━━ RECORDED DATA ━━

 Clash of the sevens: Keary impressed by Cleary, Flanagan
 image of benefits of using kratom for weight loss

━━━
━━ RECORDED DATA ━━

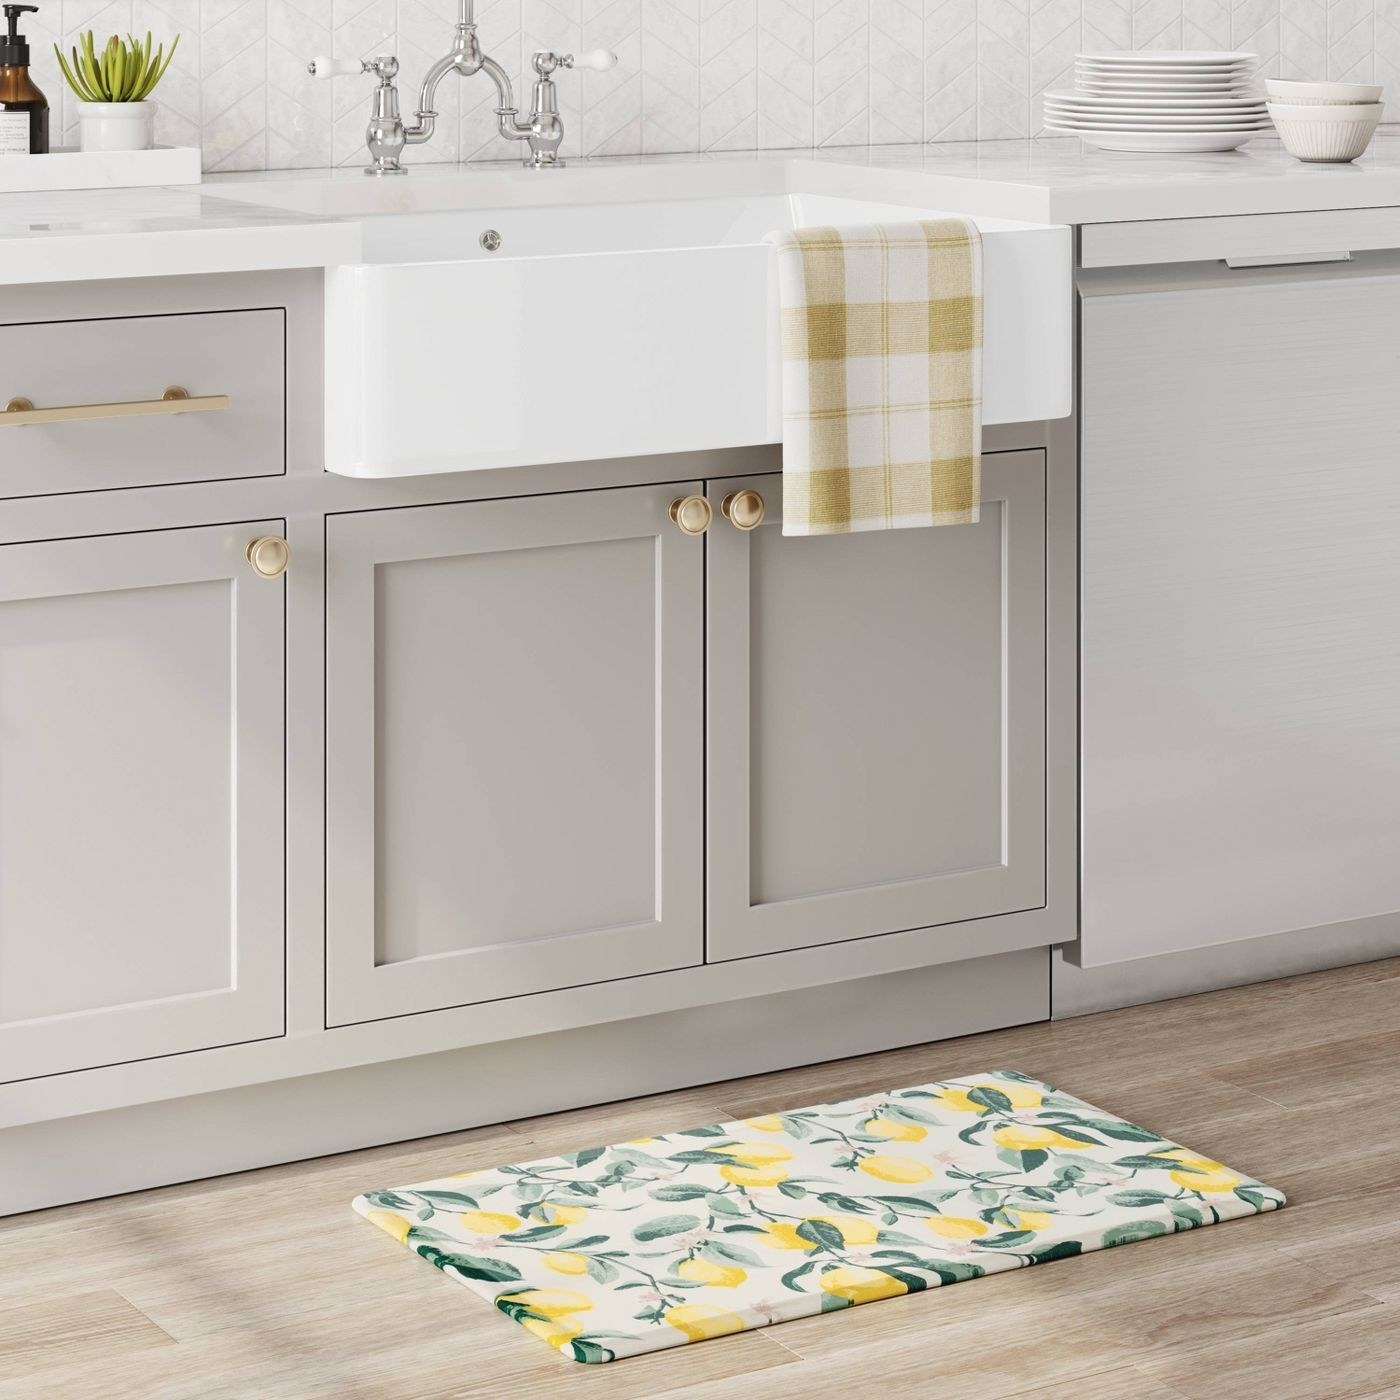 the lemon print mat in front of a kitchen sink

━━━

## ABOUT THIS TASK
When you reach the line holding "Clash of the" in the records above, begin reproducing exactly, stop after the line holding "image of benefits", and output nothing else.

## REPLY TO THE EXERCISE
 Clash of the sevens: Keary impressed by Cleary, Flanagan
 image of benefits of using kratom for weight loss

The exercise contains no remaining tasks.